▶ **DATASET CONTENT**:

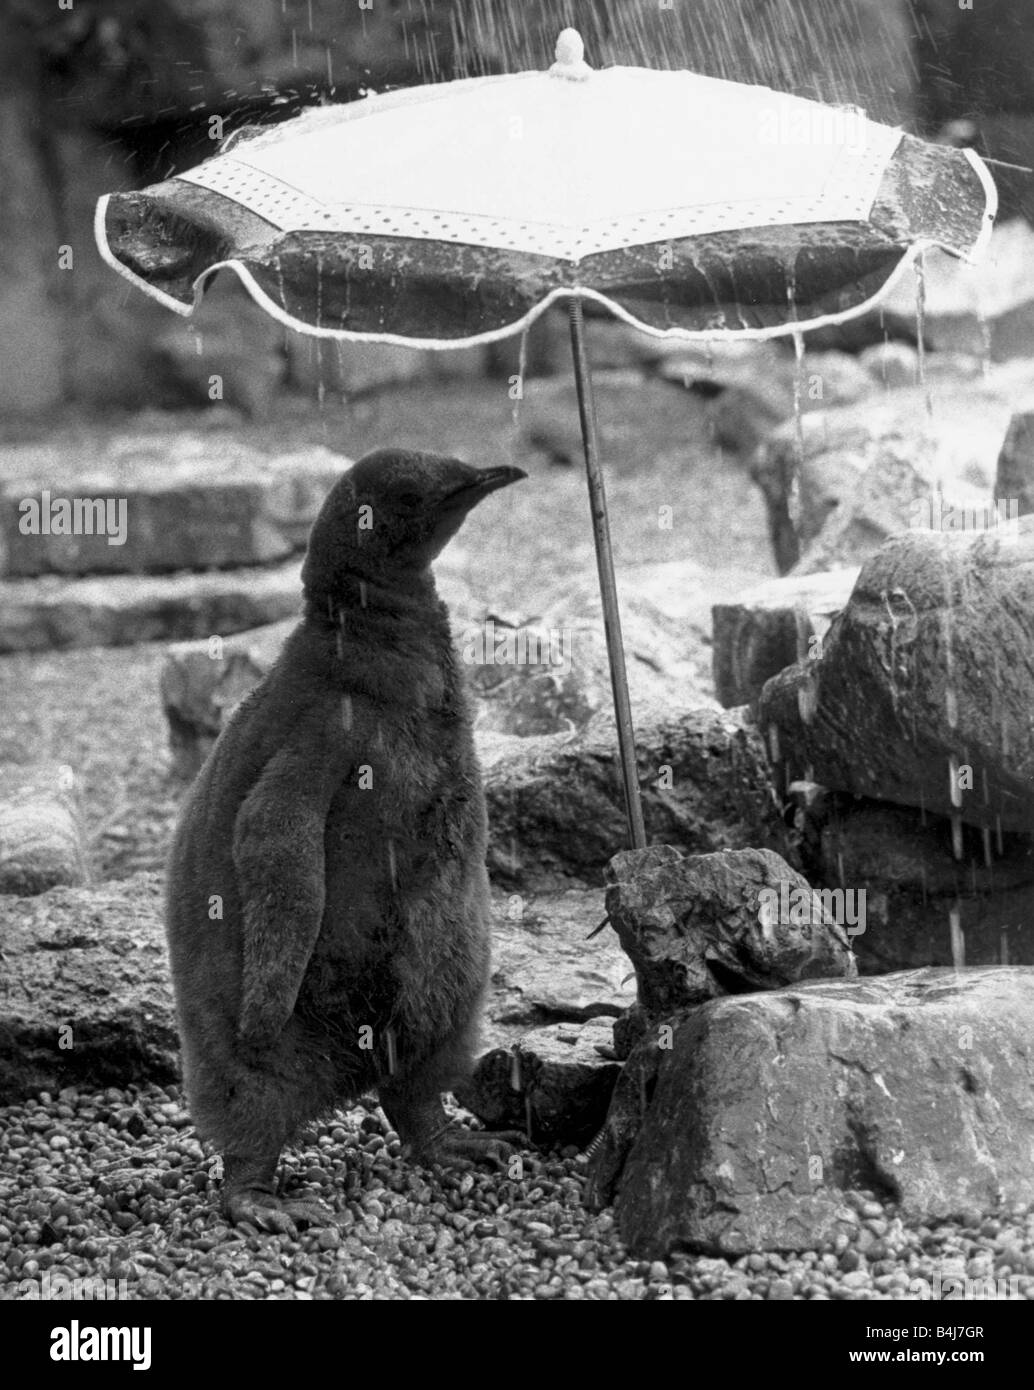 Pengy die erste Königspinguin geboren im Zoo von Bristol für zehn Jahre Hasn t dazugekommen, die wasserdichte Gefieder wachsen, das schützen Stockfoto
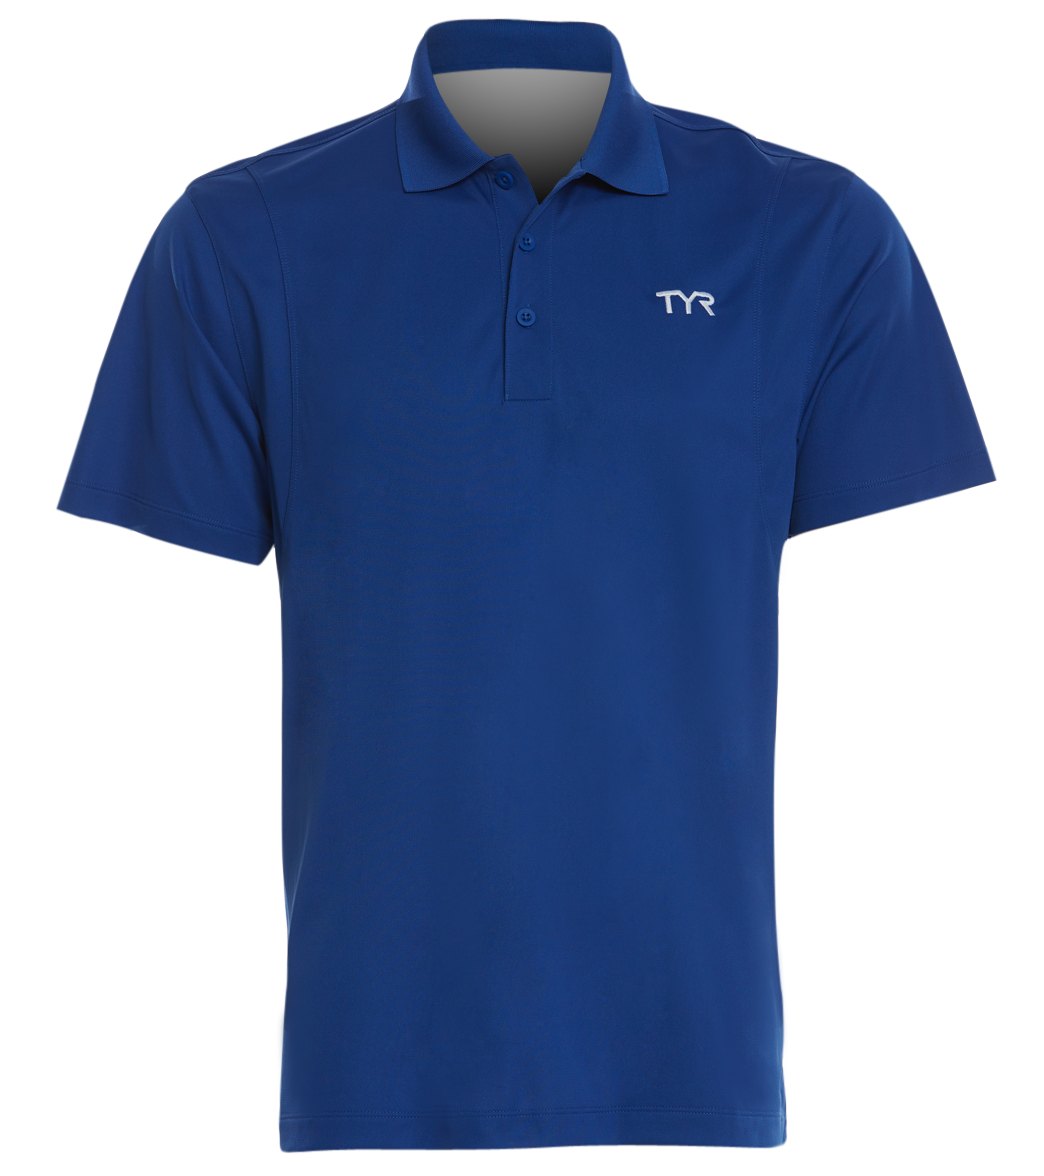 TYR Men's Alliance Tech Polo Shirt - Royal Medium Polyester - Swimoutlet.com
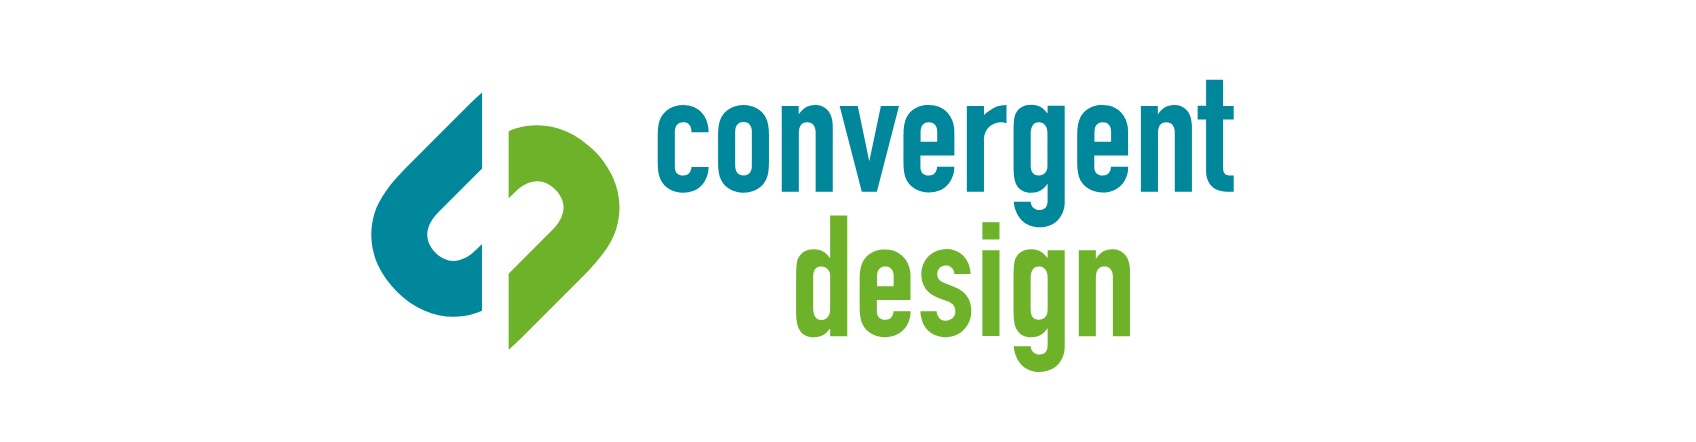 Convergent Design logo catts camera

▶ **TASK BRIEF**:
Set the lines down exactly as they stand, from the one containing "TYR Men's Alliance" through the end of the listing, omitting every picture.

▶ **TASK SOLUTION**:
 TYR Men's Alliance Tech Polo Shirt - Royal Medium Polyester - Swimoutlet.com
 Convergent Design logo catts camera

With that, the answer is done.